PROBLEM –
Restate each line below word for word, skipping every picture.

━━━━━ SUPPLIED RECORDS

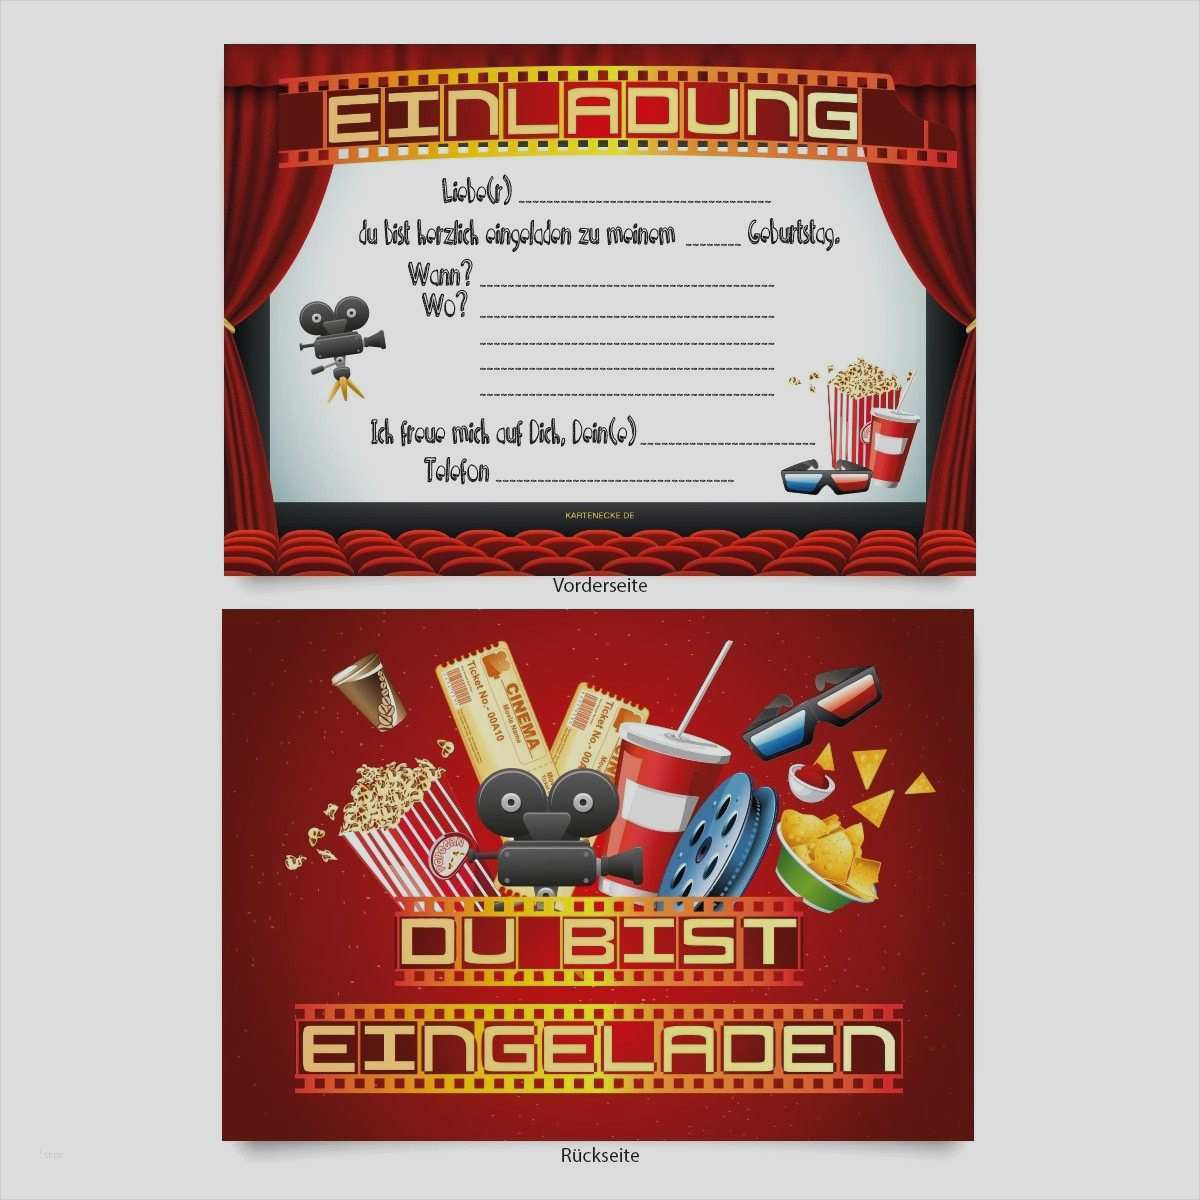 Filmklappe Einladung Vorlage Kostenlos 12 Luxus Diese Können ganzes Filmklappe Einladung Vorlage Kostenlos
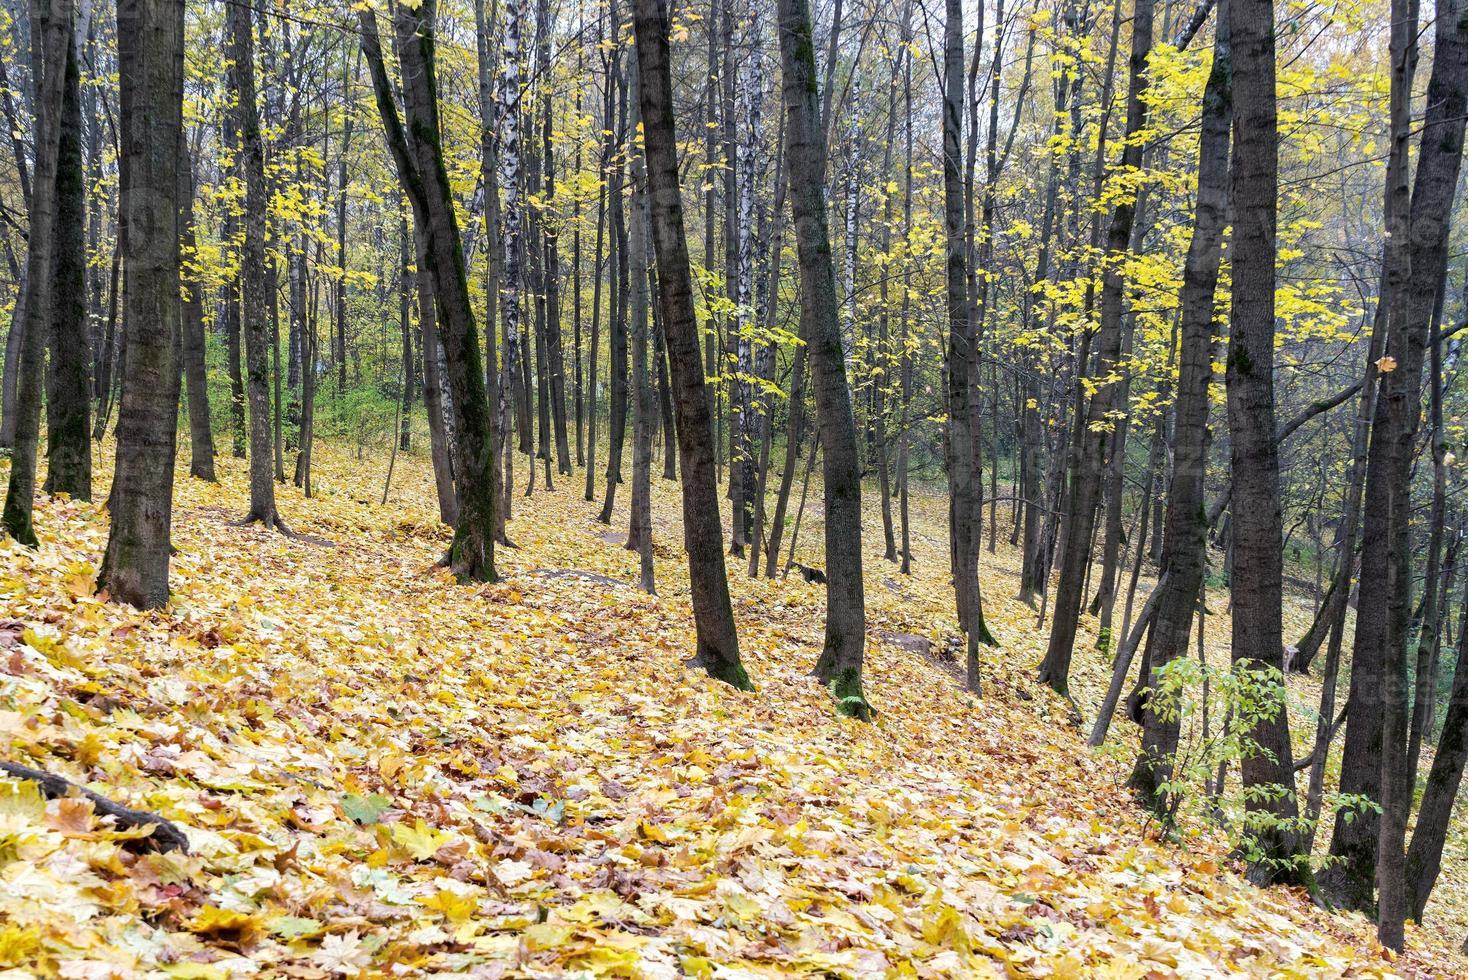 höstlönnlöv ligger i skogen. fokusera på förgrunden. foto
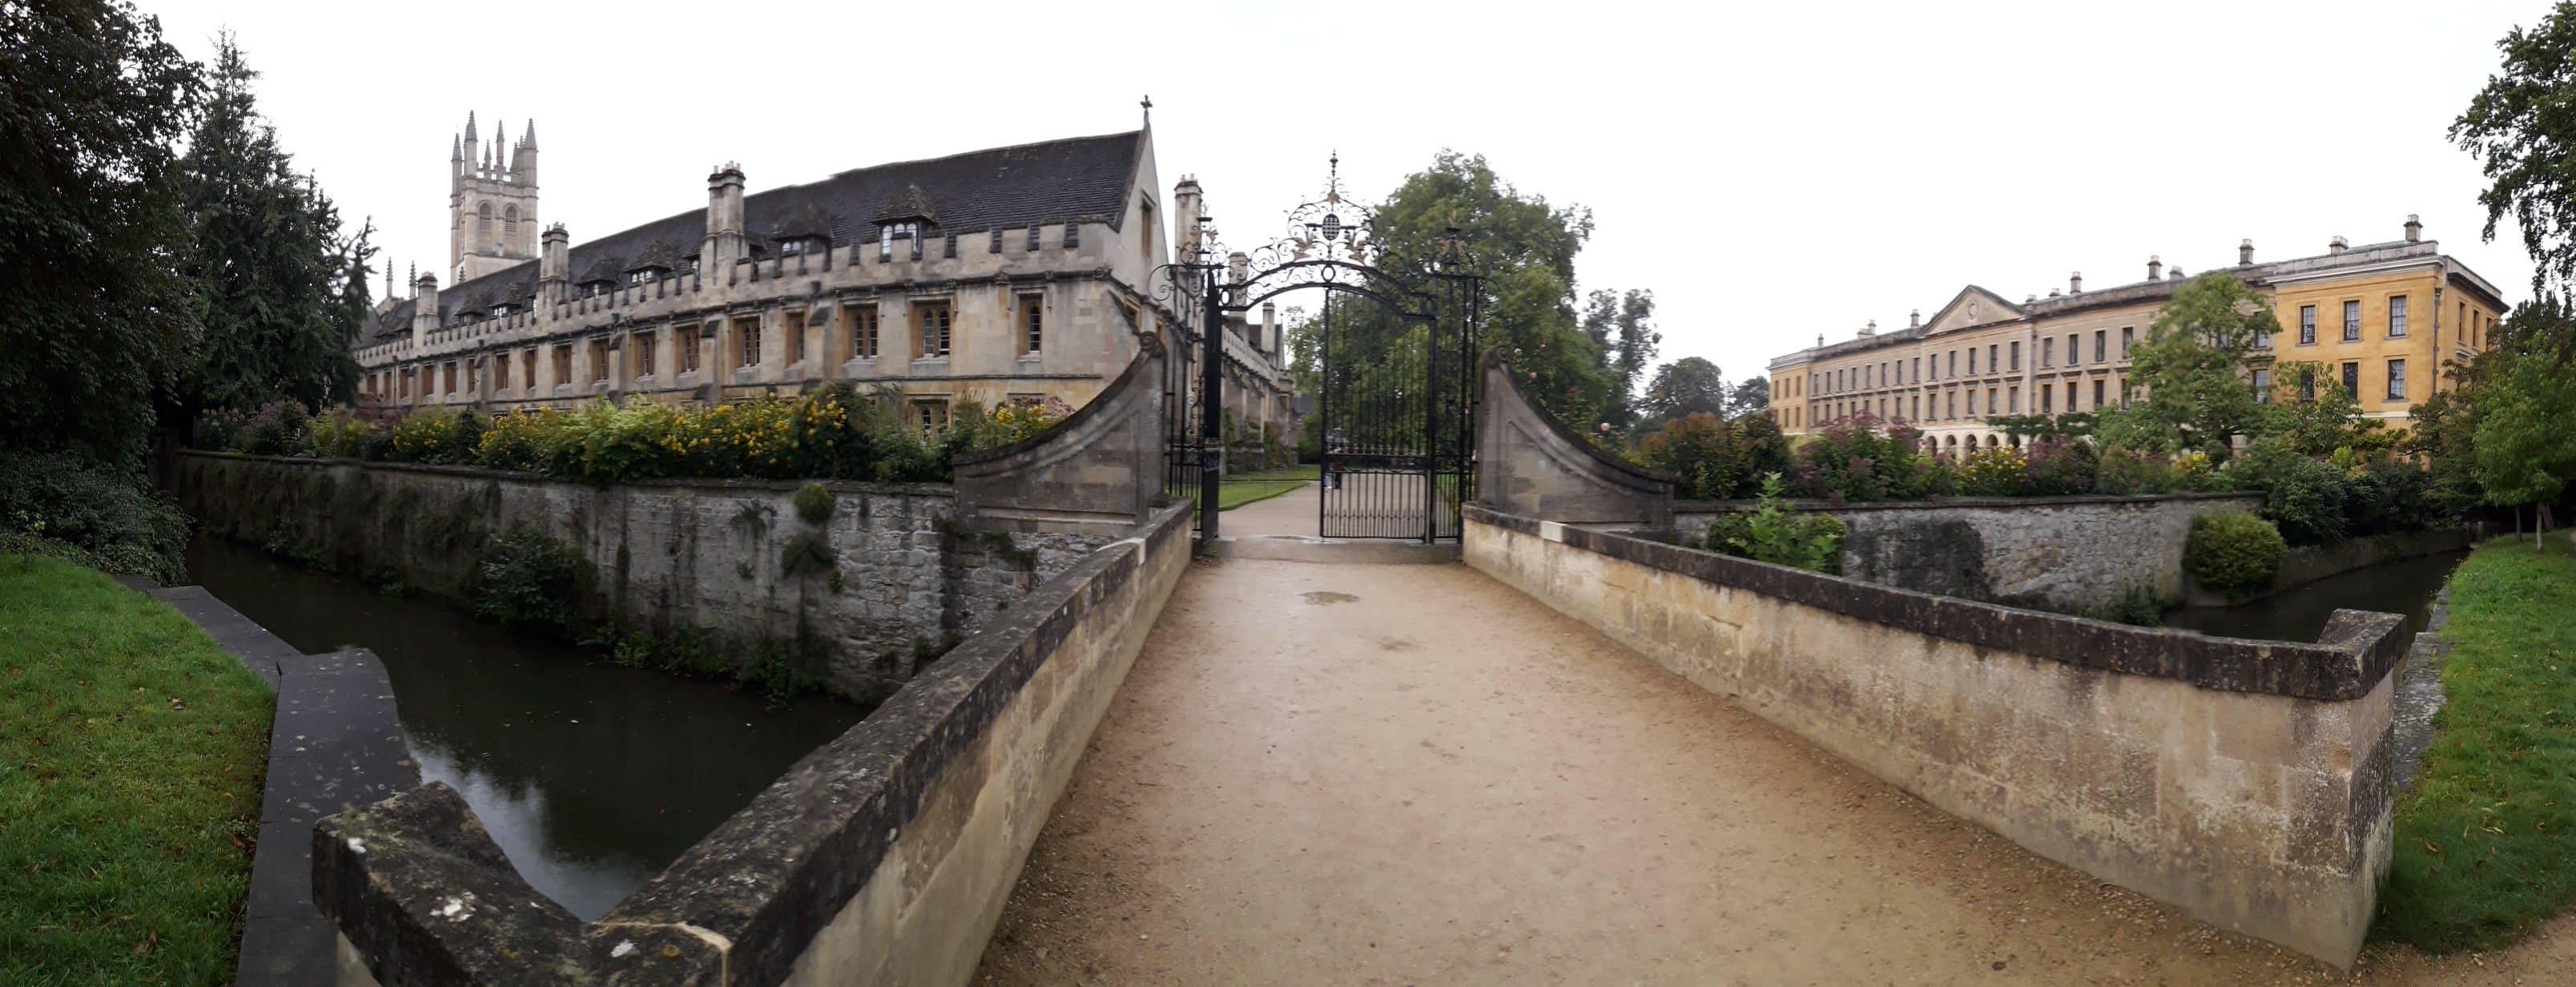 5 mejores cosas que ver en Oxford
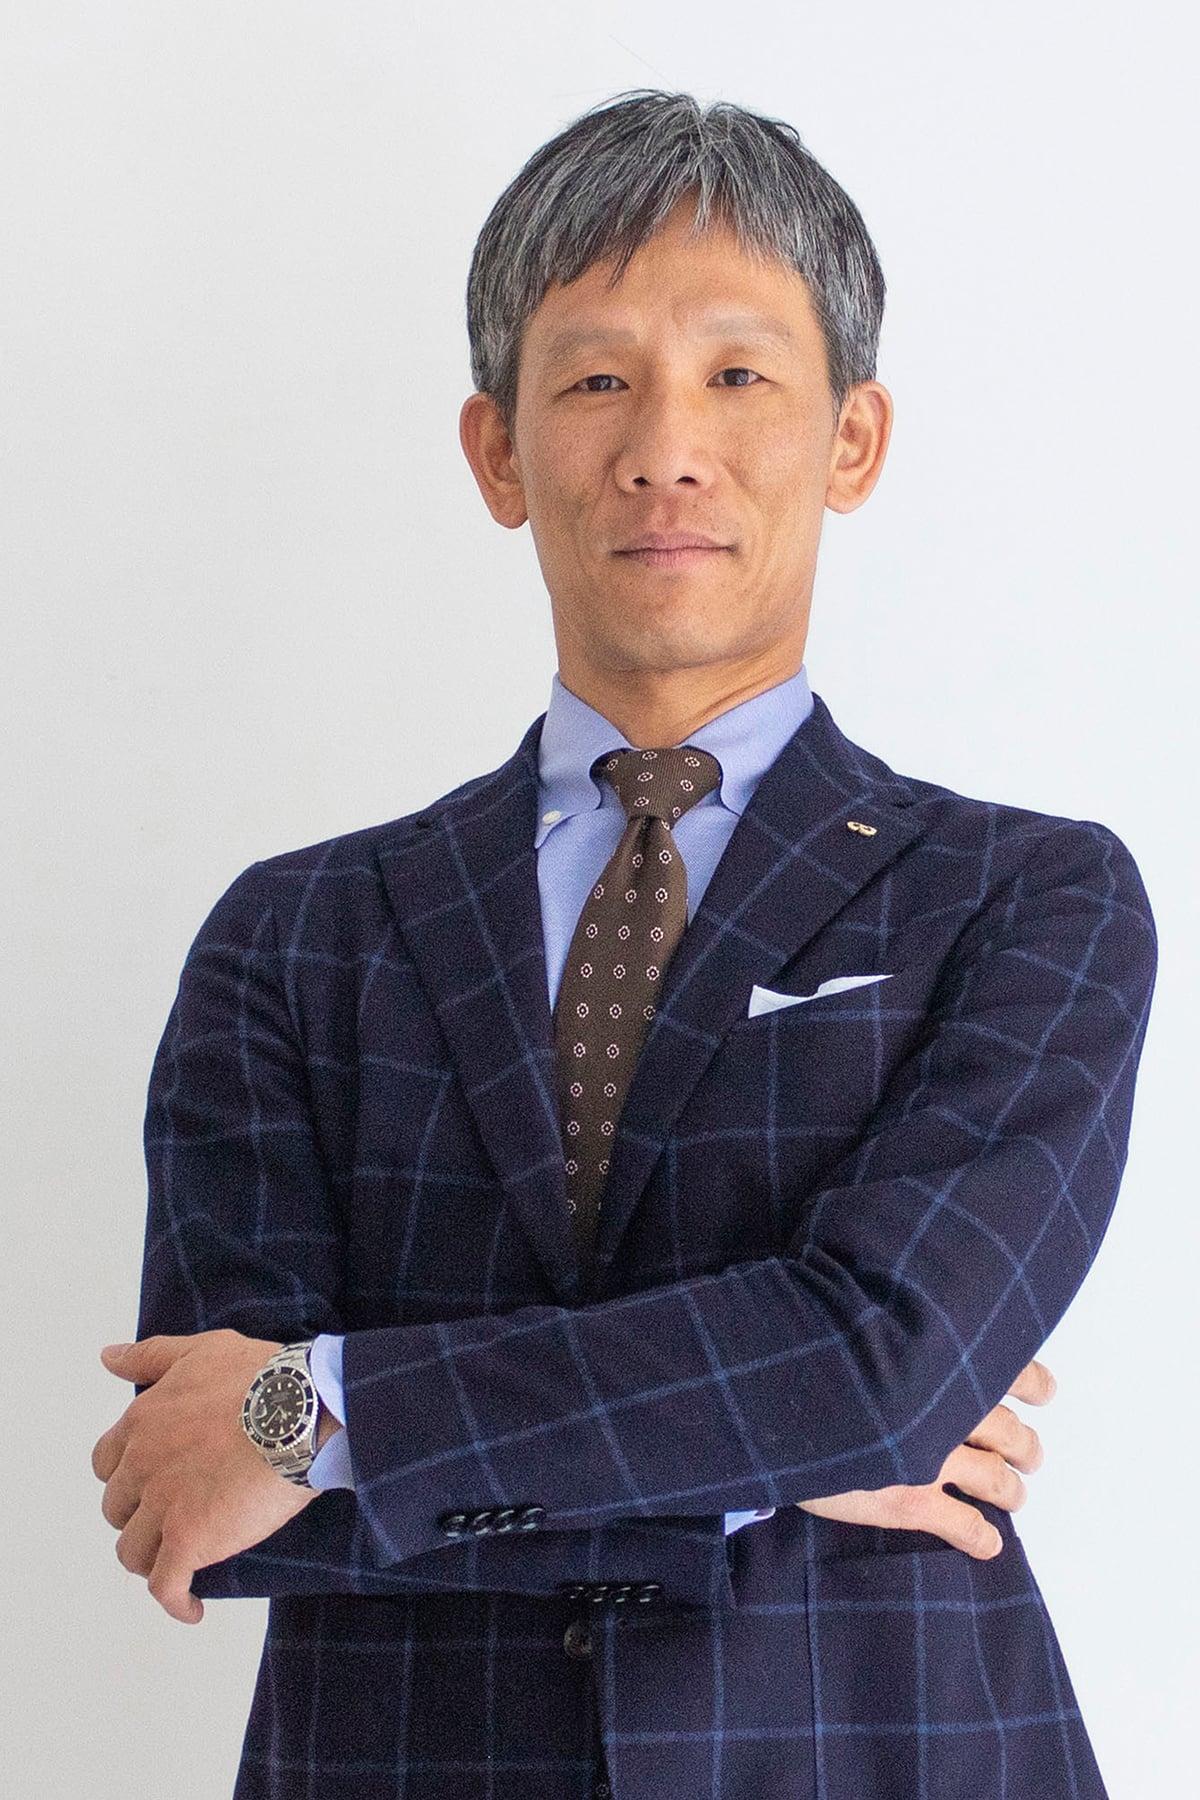 マルニ木工の社長の山中武。洗練されたデザインと高い技術、日本人特有のものづくりに対する姿勢や美意識など、マルニ木工のプロダクトを飛躍させた。
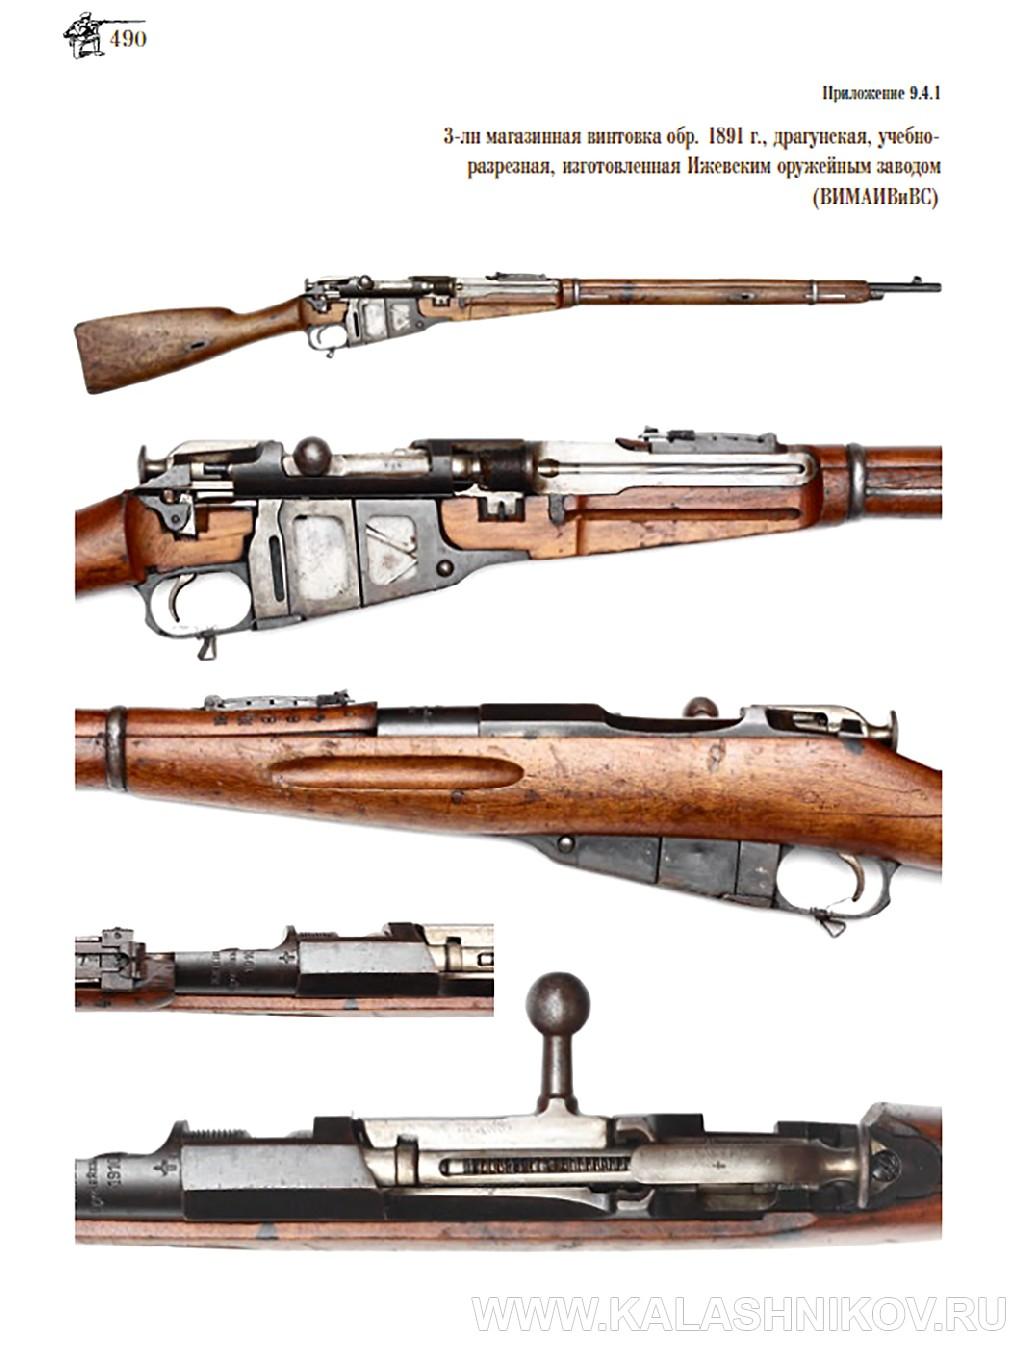 Страница с фотографиями редких экземпляров 3-лн винтовки Мосина из книги Р.Н. Чумака «3-лн винтовка Мосина». Иллюстрация к статье в журнале «КАЛАШНИКОВ»

━━━━━━━━━━

WRITTEN ANSWER –
 Filmklappe Einladung Vorlage Kostenlos 12 Luxus Diese Können ganzes Filmklappe Einladung Vorlage Kostenlos
 höstlönnlöv ligger i skogen. fokusera på förgrunden. foto
 5 mejores cosas que ver en Oxford
 マルニ木工の社長の山中武。洗練されたデザインと高い技術、日本人特有のものづくりに対する姿勢や美意識など、マルニ木工のプロダクトを飛躍させた。
 Страница с фотографиями редких экземпляров 3-лн винтовки Мосина из книги Р.Н. Чумака «3-лн винтовка Мосина». Иллюстрация к статье в журнале «КАЛАШНИКОВ»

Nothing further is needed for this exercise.